Dataset items
====

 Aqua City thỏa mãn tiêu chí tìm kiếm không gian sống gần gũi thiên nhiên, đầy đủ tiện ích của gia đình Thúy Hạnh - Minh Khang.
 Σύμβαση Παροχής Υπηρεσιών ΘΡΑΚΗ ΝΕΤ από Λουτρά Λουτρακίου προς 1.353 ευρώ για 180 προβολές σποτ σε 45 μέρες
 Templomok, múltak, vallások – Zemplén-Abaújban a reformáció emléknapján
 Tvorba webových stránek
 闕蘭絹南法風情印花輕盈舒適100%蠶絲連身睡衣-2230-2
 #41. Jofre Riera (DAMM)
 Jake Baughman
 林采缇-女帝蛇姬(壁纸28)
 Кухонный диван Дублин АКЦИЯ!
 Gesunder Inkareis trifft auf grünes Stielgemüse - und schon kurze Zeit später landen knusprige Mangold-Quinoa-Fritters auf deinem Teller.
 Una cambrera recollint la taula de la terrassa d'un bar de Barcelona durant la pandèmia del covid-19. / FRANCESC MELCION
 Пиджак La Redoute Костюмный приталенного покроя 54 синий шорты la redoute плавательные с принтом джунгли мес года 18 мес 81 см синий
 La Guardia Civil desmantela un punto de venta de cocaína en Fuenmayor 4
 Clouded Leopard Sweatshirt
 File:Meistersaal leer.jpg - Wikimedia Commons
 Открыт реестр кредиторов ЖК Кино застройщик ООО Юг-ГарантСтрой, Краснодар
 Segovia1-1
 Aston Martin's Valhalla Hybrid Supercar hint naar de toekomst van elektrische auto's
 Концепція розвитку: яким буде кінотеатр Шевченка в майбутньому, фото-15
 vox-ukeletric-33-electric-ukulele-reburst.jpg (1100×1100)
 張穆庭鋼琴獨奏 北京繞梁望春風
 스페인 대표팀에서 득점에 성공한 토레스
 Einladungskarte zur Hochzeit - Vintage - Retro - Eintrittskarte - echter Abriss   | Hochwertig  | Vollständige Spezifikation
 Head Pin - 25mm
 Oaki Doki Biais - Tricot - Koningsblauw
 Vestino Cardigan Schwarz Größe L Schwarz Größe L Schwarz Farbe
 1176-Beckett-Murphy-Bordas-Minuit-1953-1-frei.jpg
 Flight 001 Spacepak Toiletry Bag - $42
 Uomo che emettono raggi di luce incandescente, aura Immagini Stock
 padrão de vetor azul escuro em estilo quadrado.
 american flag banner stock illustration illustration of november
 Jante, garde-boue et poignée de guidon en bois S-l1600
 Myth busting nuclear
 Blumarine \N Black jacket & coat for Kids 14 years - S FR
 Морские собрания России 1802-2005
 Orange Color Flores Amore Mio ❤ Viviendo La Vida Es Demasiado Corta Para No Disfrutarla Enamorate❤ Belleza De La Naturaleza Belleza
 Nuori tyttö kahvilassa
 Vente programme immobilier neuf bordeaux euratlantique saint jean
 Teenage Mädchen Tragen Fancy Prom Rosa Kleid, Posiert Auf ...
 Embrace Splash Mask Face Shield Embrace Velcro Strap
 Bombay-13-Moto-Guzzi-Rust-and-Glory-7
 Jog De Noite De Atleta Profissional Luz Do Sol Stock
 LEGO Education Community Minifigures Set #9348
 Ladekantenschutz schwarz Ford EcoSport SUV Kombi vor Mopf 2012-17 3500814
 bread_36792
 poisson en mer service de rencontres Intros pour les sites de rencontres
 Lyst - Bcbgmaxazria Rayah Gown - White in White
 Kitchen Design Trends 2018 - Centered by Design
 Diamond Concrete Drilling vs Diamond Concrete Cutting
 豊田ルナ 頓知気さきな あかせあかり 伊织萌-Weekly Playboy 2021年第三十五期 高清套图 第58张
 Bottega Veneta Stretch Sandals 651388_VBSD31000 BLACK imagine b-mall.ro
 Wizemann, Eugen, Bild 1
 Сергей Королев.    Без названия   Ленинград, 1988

====

» WORK INSTRUCTION: Repeat the entries exactly, leaving nothing out.

» ANSWER TO THIS PROBLEM:
 Aqua City thỏa mãn tiêu chí tìm kiếm không gian sống gần gũi thiên nhiên, đầy đủ tiện ích của gia đình Thúy Hạnh - Minh Khang.
 Σύμβαση Παροχής Υπηρεσιών ΘΡΑΚΗ ΝΕΤ από Λουτρά Λουτρακίου προς 1.353 ευρώ για 180 προβολές σποτ σε 45 μέρες
 Templomok, múltak, vallások – Zemplén-Abaújban a reformáció emléknapján
 Tvorba webových stránek
 闕蘭絹南法風情印花輕盈舒適100%蠶絲連身睡衣-2230-2
 #41. Jofre Riera (DAMM)
 Jake Baughman
 林采缇-女帝蛇姬(壁纸28)
 Кухонный диван Дублин АКЦИЯ!
 Gesunder Inkareis trifft auf grünes Stielgemüse - und schon kurze Zeit später landen knusprige Mangold-Quinoa-Fritters auf deinem Teller.
 Una cambrera recollint la taula de la terrassa d'un bar de Barcelona durant la pandèmia del covid-19. / FRANCESC MELCION
 Пиджак La Redoute Костюмный приталенного покроя 54 синий шорты la redoute плавательные с принтом джунгли мес года 18 мес 81 см синий
 La Guardia Civil desmantela un punto de venta de cocaína en Fuenmayor 4
 Clouded Leopard Sweatshirt
 File:Meistersaal leer.jpg - Wikimedia Commons
 Открыт реестр кредиторов ЖК Кино застройщик ООО Юг-ГарантСтрой, Краснодар
 Segovia1-1
 Aston Martin's Valhalla Hybrid Supercar hint naar de toekomst van elektrische auto's
 Концепція розвитку: яким буде кінотеатр Шевченка в майбутньому, фото-15
 vox-ukeletric-33-electric-ukulele-reburst.jpg (1100×1100)
 張穆庭鋼琴獨奏 北京繞梁望春風
 스페인 대표팀에서 득점에 성공한 토레스
 Einladungskarte zur Hochzeit - Vintage - Retro - Eintrittskarte - echter Abriss   | Hochwertig  | Vollständige Spezifikation
 Head Pin - 25mm
 Oaki Doki Biais - Tricot - Koningsblauw
 Vestino Cardigan Schwarz Größe L Schwarz Größe L Schwarz Farbe
 1176-Beckett-Murphy-Bordas-Minuit-1953-1-frei.jpg
 Flight 001 Spacepak Toiletry Bag - $42
 Uomo che emettono raggi di luce incandescente, aura Immagini Stock
 padrão de vetor azul escuro em estilo quadrado.
 american flag banner stock illustration illustration of november
 Jante, garde-boue et poignée de guidon en bois S-l1600
 Myth busting nuclear
 Blumarine \N Black jacket & coat for Kids 14 years - S FR
 Морские собрания России 1802-2005
 Orange Color Flores Amore Mio ❤ Viviendo La Vida Es Demasiado Corta Para No Disfrutarla Enamorate❤ Belleza De La Naturaleza Belleza
 Nuori tyttö kahvilassa
 Vente programme immobilier neuf bordeaux euratlantique saint jean
 Teenage Mädchen Tragen Fancy Prom Rosa Kleid, Posiert Auf ...
 Embrace Splash Mask Face Shield Embrace Velcro Strap
 Bombay-13-Moto-Guzzi-Rust-and-Glory-7
 Jog De Noite De Atleta Profissional Luz Do Sol Stock
 LEGO Education Community Minifigures Set #9348
 Ladekantenschutz schwarz Ford EcoSport SUV Kombi vor Mopf 2012-17 3500814
 bread_36792
 poisson en mer service de rencontres Intros pour les sites de rencontres
 Lyst - Bcbgmaxazria Rayah Gown - White in White
 Kitchen Design Trends 2018 - Centered by Design
 Diamond Concrete Drilling vs Diamond Concrete Cutting
 豊田ルナ 頓知気さきな あかせあかり 伊织萌-Weekly Playboy 2021年第三十五期 高清套图 第58张
 Bottega Veneta Stretch Sandals 651388_VBSD31000 BLACK imagine b-mall.ro
 Wizemann, Eugen, Bild 1
 Сергей Королев.    Без названия   Ленинград, 1988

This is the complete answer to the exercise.